The ministers expressed their satisfaction once more with their decision to index the income tax scale to inflation. By doing so, they were able to prevent an increase of 6.4 billion euros in additional taxes for households. In addition to this, the CVAE will be eliminated in two years, a decision that has been met with widespread opposition from businesses. The head of Bercy insisted that this should make it possible for businesses to relocate, adding that “It would still be a paradox if the country were the most attractive for foreign investors and not for French companies.”

The risk of rates increasing

On the other hand, the ministers reiterated their desire not to dig the hole any further in the coffers of the State, despite the challenging economic context – the forecast of 1% growth retained by Bercy for 2023 not being guaranteed elsewhere… etc. As a result, they guarantee that the public deficit will be successfully maintained at 5% of GDP in the following year, which is the same level as in 2022. After reaching 111.5% of GDP in 2022, the debt level would remain unchanged at 111.2% of GDP. Gabriel Attal emphasizes that protecting the French also means protecting our public accounts. “Protecting the French also means protecting our public accounts,”

Bruno Le Maire, who challenges those who doubt the government's desire to reduce public spending, says, “Growth, activity, and full employment: this line has always been ours, to fall below 3% public deficit in 2027.” This line has always been ours to fall below the 3% public deficit in 2027. We were able to get out of it no matter the cost, and we won't be going back there. I won't let anyone tell me that we took the easy way out or that we are not responsible for what happened “. Therefore, according to the promise made by the Minister of the Economy, any new expenditures will be financed down to the nearest euro.

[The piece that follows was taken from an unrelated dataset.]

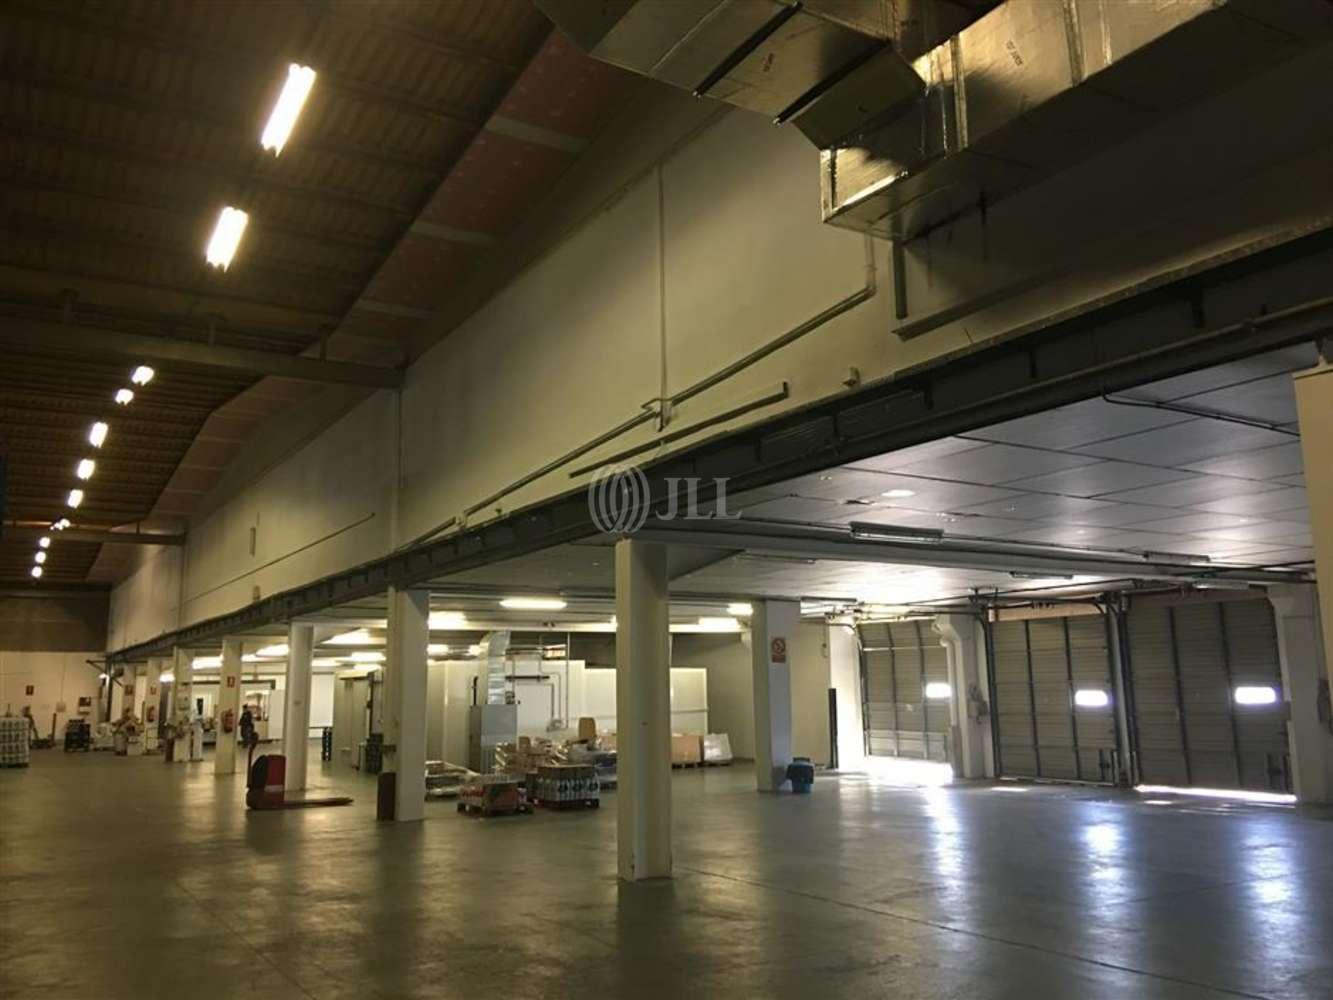 Naves industriales y logísticas Sant fruitós de bages, 08272 - Nave Logistica - B0425 - PI SANT ISIDRE - 8728

Over the course of 2022-2023, Bercy forecasts a decline in expenditures in the volume of 2.6% (excluding the effects of inflation). And plans to reduce the weight of public spending over the course of the five-year period, bringing it down from 57.6% of GDP to 53.8%; this will be “an unprecedented effort for 20 years.” “According to the Minister of the Economy, “this firmness and this consistency are absolutely necessary when you have 10-year borrowing rates at 2.5%.”

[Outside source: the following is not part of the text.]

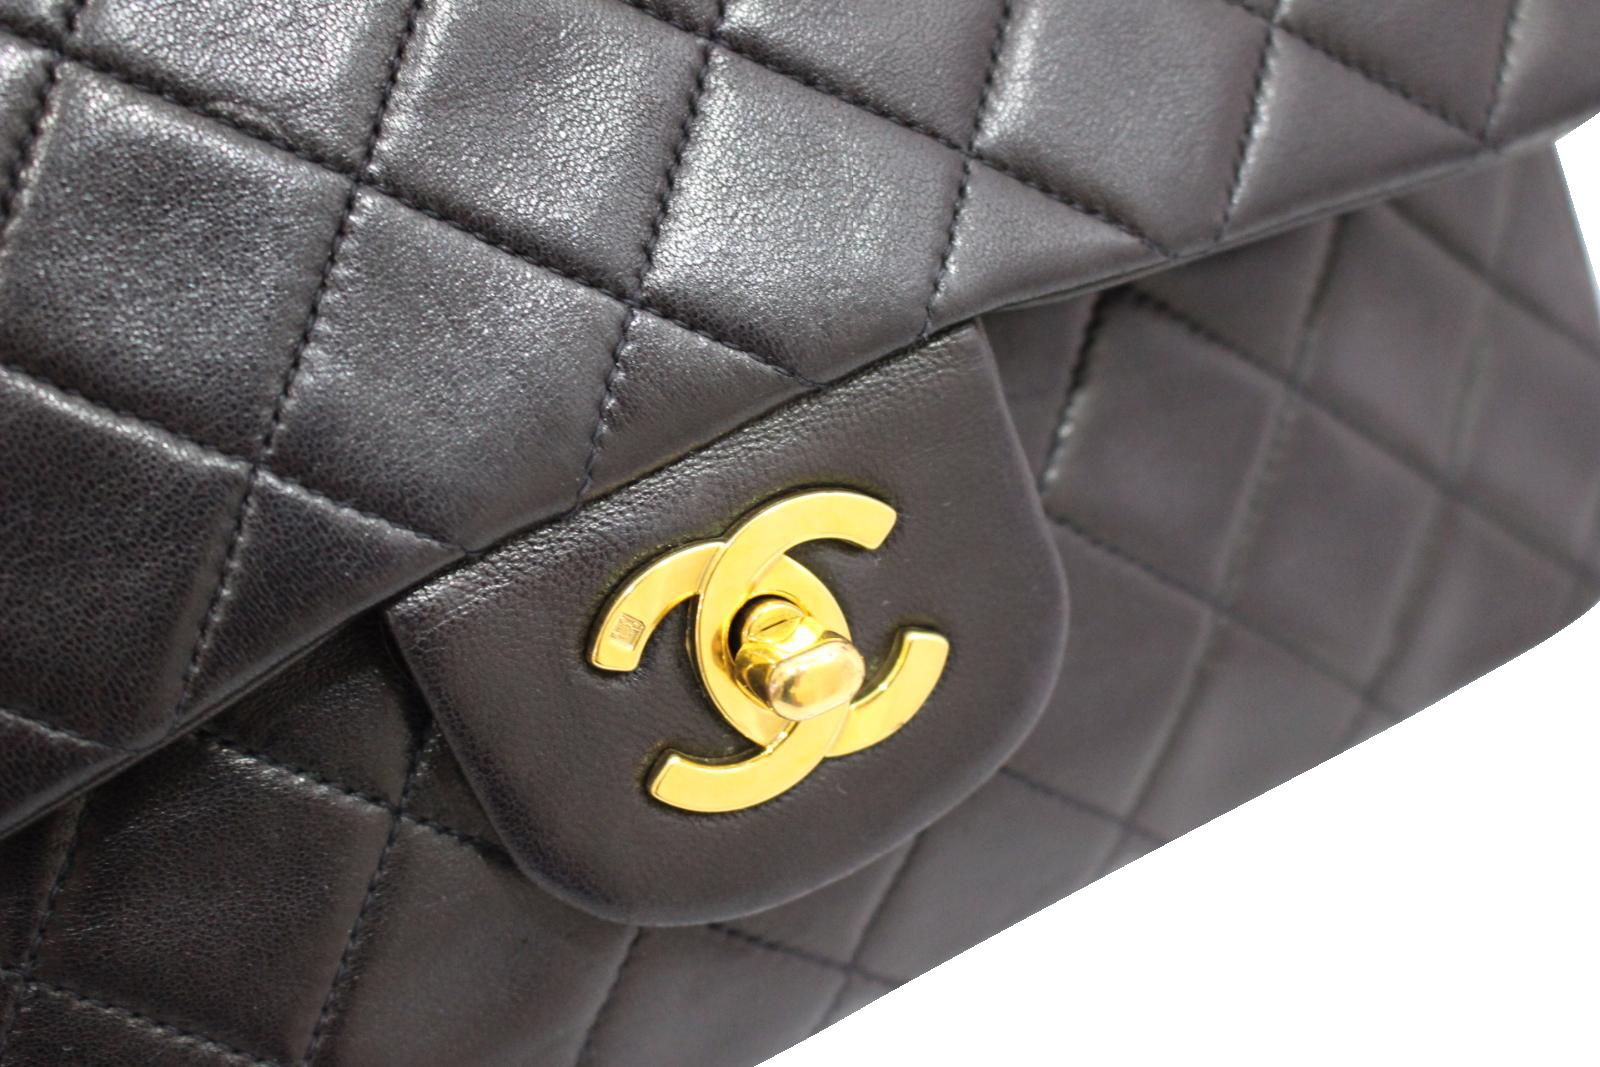 Sac Chanel Timeless 25

Finally, Bruno Le Maire provided assurance that the reforms to which the executive branch had committed will be properly implemented. These reforms include the one regarding unemployment insurance, which is already on the right track, as well as the pension reform. It is entirely possible to carry out reform that is both fair and effective within a timeframe that is considered reasonable. And this is even more true now that the French people have given the President of the Republic their approval to carry out this reform. The Minister “does not exclude structural reforms to reduce spending either; for example, there can be better efficiency of spending on employment policy and housing.”

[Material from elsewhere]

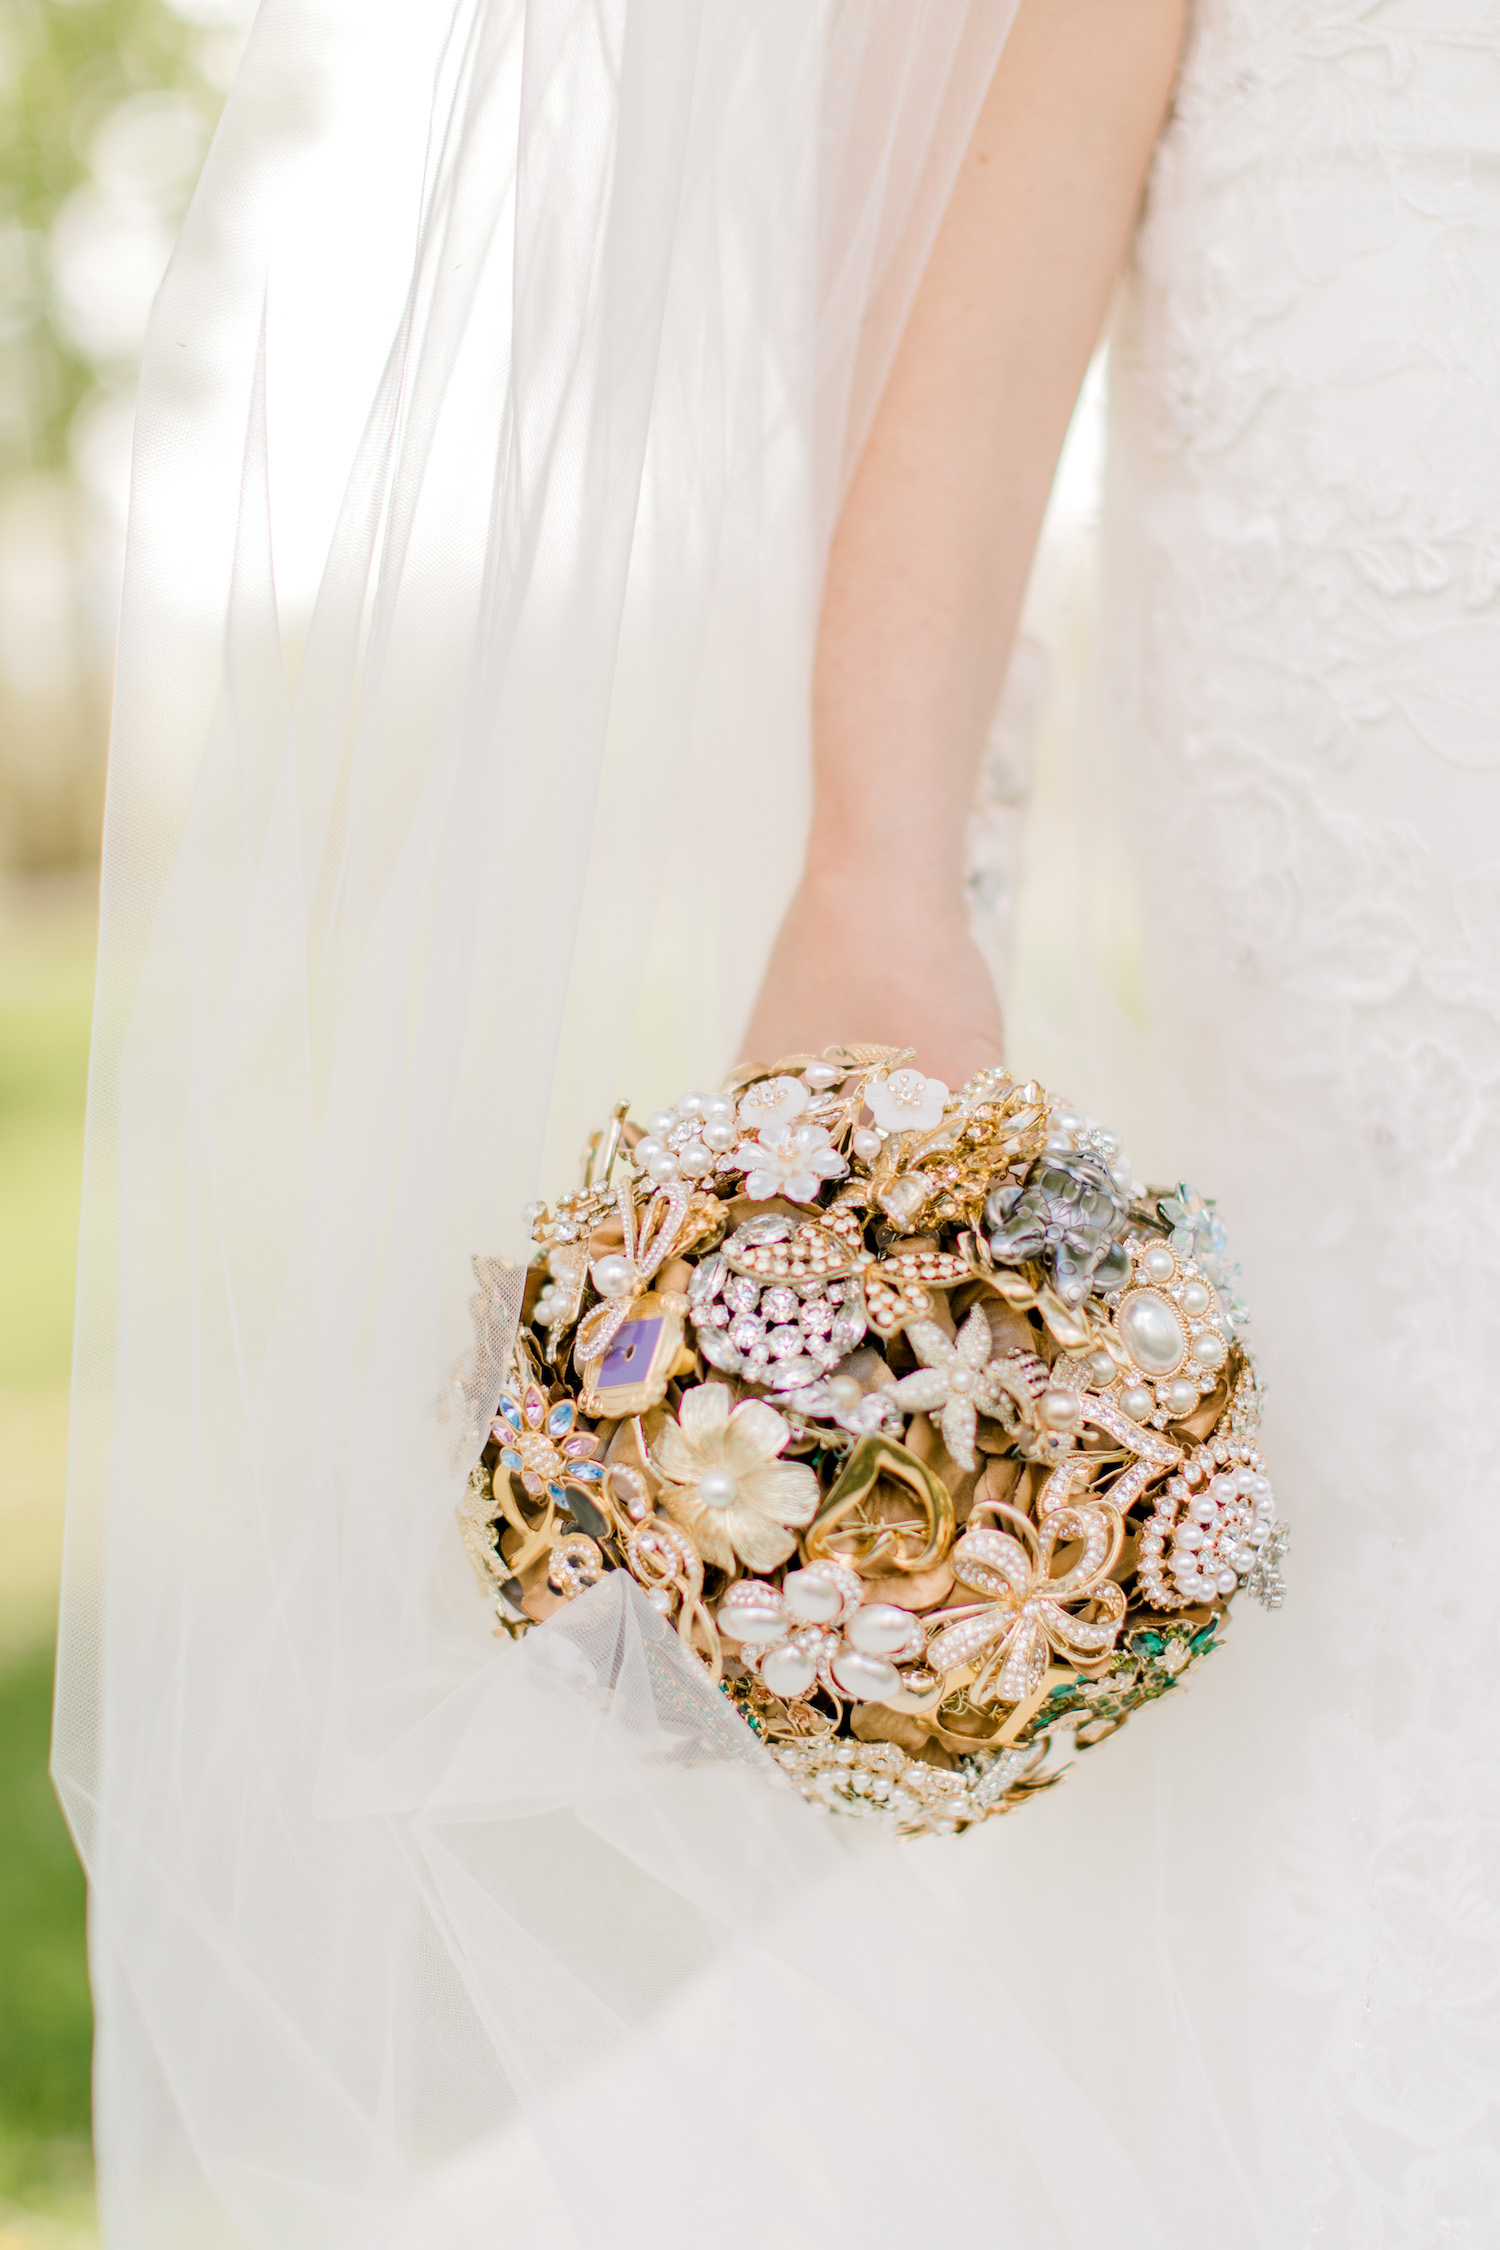 Brides bouquet for City Flats Hotel wedding

In the meantime, in order to meet the priorities outlined by Emmanuel Macron, an additional 10,000 civil servants will be hired the following year. These civil servants will be recruited in order to meet the priorities of Education, Security, and Justice. As Bruno Le Maire came to a conclusion, he stated that “this budget holds firm the economic line that has always been ours, valorization of work, the competitiveness of companies, protection of the French, and energy transition.”

In any event, the text that has been presented is a trial by fire, in a situation in which there is a relative majority in the National Assembly and while the executive is simultaneously presenting its social security financing bill (PLFSS), in which the contentious pension reform could be introduced by amendment. This is a context in which there is a relative majority in the National Assembly. For the time being, the government intends to focus its efforts on “the narrow way” negotiation with the oppositions, but they are not ruling out the possibility of using the 49-3 vote to compel the passage of the text.